Poradźcie coś kwiatek  :kwiatek: :kwiatek:


Podlaczam sie do pytania, bo mam niestety ten sam problem...
Miałam się wybrać do Naturhouse, ba, nawet zapisana byłam, ale naczytałam się opinii w internecie i trochę zraził mnie fakt konieczności wydawania X zł na te wszystkie suplementy (osobiście za nimi nie przepadam, nie wierzę w specyfiki w tabletkach na odchudzanie). Przeczesuję wątek, ale sprawdzić przeszło 220 stron to ponad moje siły 😉 Publikowała tu któraś z użytkowniczek którąś z proponowanych przez nich diet? Jeśli nie to byłaby szansa, żeby ktoś się podzielił? 😡 :kwiatek:
Od 1,5 tygodnia nie mogę biegać i czuję się fatalnie, poza tym nawet jak byłam w formie biegowej i zobaczyłam swoje zdjęcia to.... 😵 Niby jem wybitnie zdrowo (warzywa, produkty pełnoziarniste, nabiał, owoce, płatki owsiane, zero słodyczy, fast foodów i smażonego), ale chyba robię coś źle... Może jem nieodpowiednie dla siebie produkty?

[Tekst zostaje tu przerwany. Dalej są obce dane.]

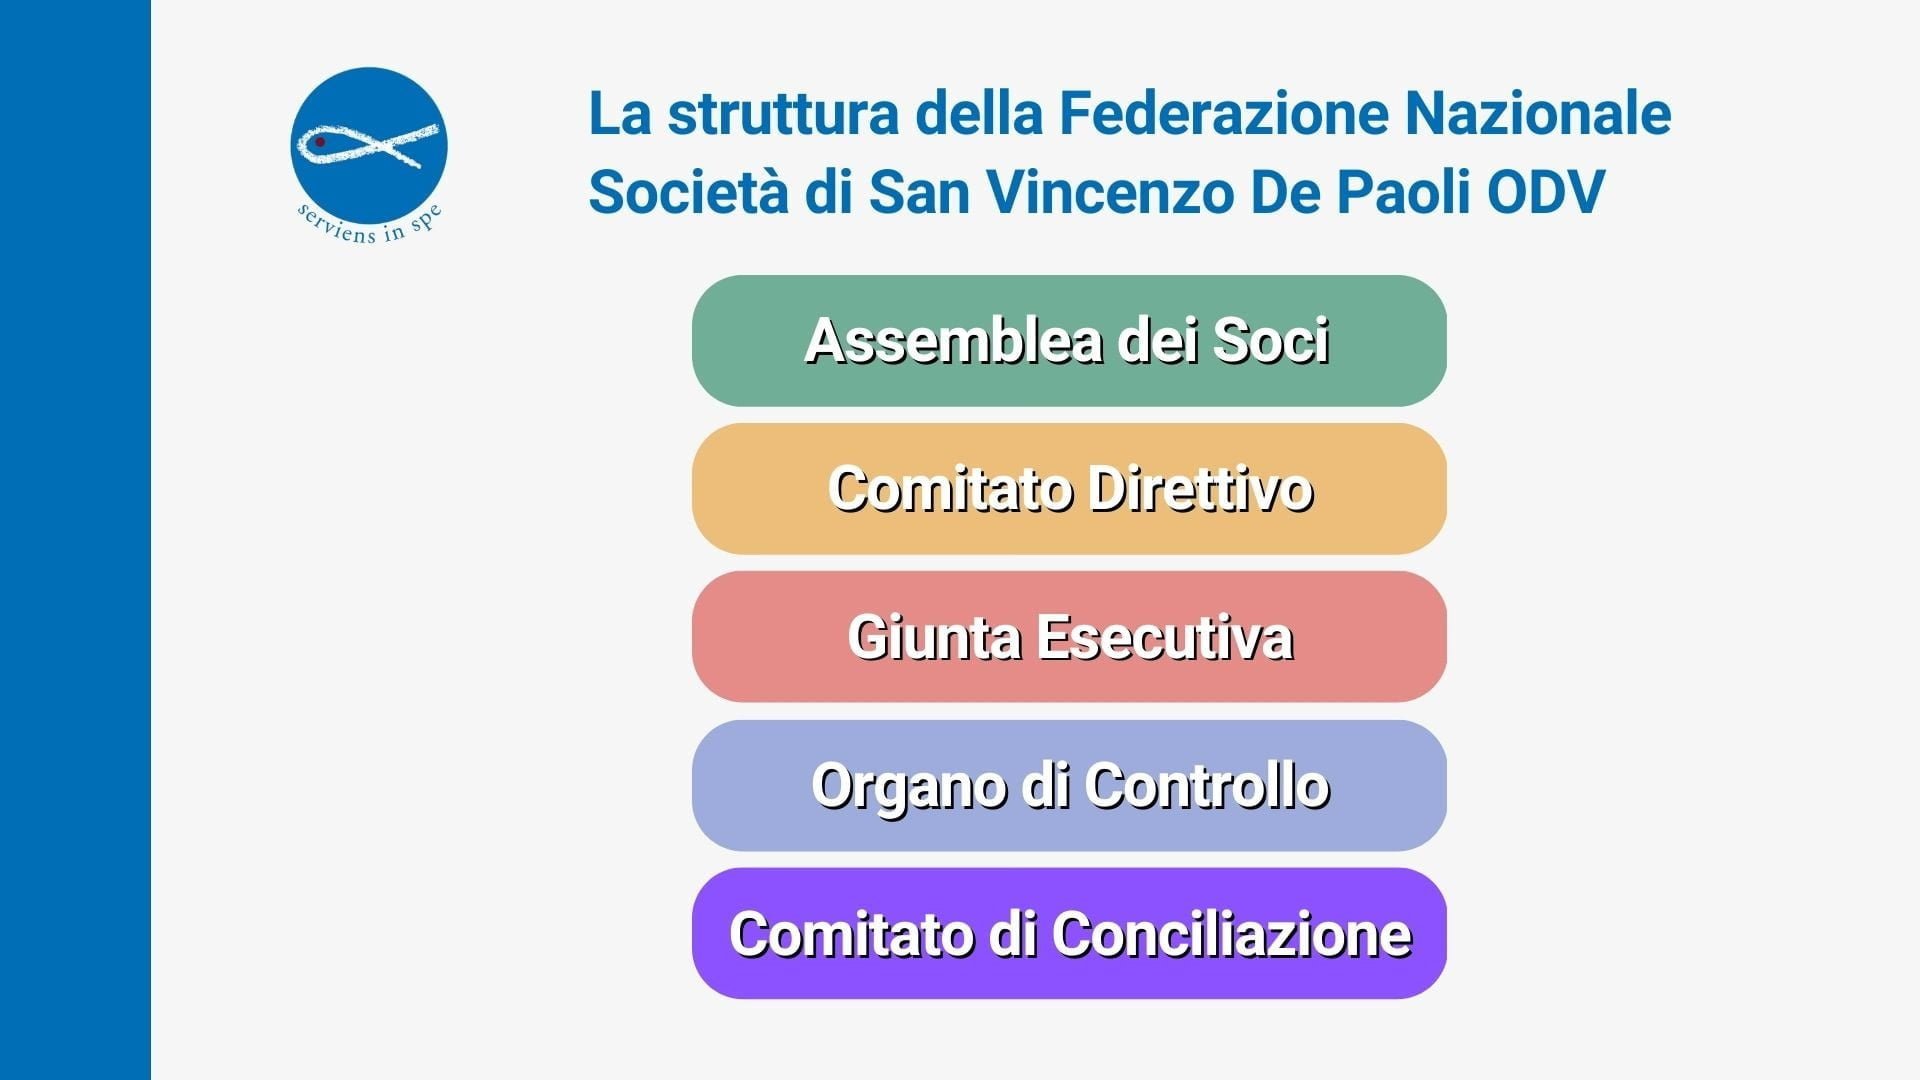 La struttura della Società di San Vincenzo De Paoli

Może za bardzo kalorycznie? Bo jakoś ciężko mi zaakceptować fakt, że taka po prostu jestem 😉
moja znajoma bardzo dużo schudła z naturhousie. to jest tak, że masz normalnie dietę dopasowaną do Twoich potrzeb, czyli np. pamietam, ze jak mówiła, że np. beda czyjes urodziny i ona nie widzi tego, że np. nie zje tortu, to dieta byla tak dopasowywana, zeby kalorycznie mogla sobie na to pozwolic. a te suplementy to np. na zatrzymaną wodę.
mam pytanie dotyczące zdrowego/dietetycznego odżywiania - jak to jest z gotowymi mieszankami warzyw mrożonych(takich na patelnię)? można?
Moja dietetyczka jak najbardziej zalecała zimą mrożonki. Wiadomo, żeby uważać ze smażeniem, ze względu na ilość tłuszczu. Najlepiej na teflonie i na maluśkiej ilości oleju.
efeemeryda   no fate but what we make.
06 grudnia 2012 16:26
albo na teflonie i wodzie  🥂 nigdy jeszcze nie dodałam tłuszczu do warzywnej mieszanki  😉
ale ja to mam w ogóle skrzywienie po Dukanie  😉
dzisiaj na obiad zrobiłam kuskus z takimi warzywami (na wodzie) i było taaaakie dobre, że zaczęłam podejrzewać coś niezdrowego 😁 dzięki dziewczyny :kwiatek:
Najlepsze są na parze <3
O mamo, PonPon, przeczytałam że zrobiłaś kaktus z warzywami i przez chwilę miałam minę "że co?" 😁

Dokładnie, na parze rządzą! A jakie to zdrowe, sycące i niskokaloryczne 😀
A ja troszeczkę dodaję, bo wówczas polepsza się moim zdaniem smak potrawy. I lubię je troszkę przysmażyć/przypalić/przypiec, tak by miały te warzywa  gdzieniegdzie twardą skórkę.
A jak jest z gestymi sokami typu Kubus? Niby marchewka, jablko i np. brzoskwinia, geste, smaczne, bez zbednego cukru (chyba;p). Dla mnie sa tak geste i sycace, ze taki sok potrafi zastapic maly posilek ;p Mozna? Faktycznie to dobre i zdrowe czy tylko tak mi sie wydaje? 🙂
Angeel, kubuś zawiera syrop glukozowo-fruktozowy
To niedobrze 🙁
Ja czasem kupuję Dizzy z Lidla tam syropu nie ma, ale za to cukier i to pewnie dość sporo, bo dla manie jest za słodki i czasem rozrzedzam wodą :P Owoców 36%, a reszta to woda. Ale ogólnie skład na pewno lepszy niż nie jednych napojów, nektarów czy pseudo soków :P
Osobiście jednak uważam, że będąc na diecie zamiast pic taki sok lepiej jest po prostu zjeść owoc 😉 A pić coś lżejszego.
dziewczyny mam pytanie - jeśli się przewijało to przepraszam i poszukam 😉

może zacznę od tego, że ogólnie nie wyglądam źle, nie najgorzej się czuję we własnym ciele, mężczyźnie się podoba, ale jak wiadomo zawsze coś chciałoby się "poprawić" 😉

czy da się poprawić brzuch (głównie, wiadomo, że przy okazji cała reszta też będzie lepiej wyglądać 😉 ) - ćwiczeniami, dietą, żeby całkiem piersi nie stracić?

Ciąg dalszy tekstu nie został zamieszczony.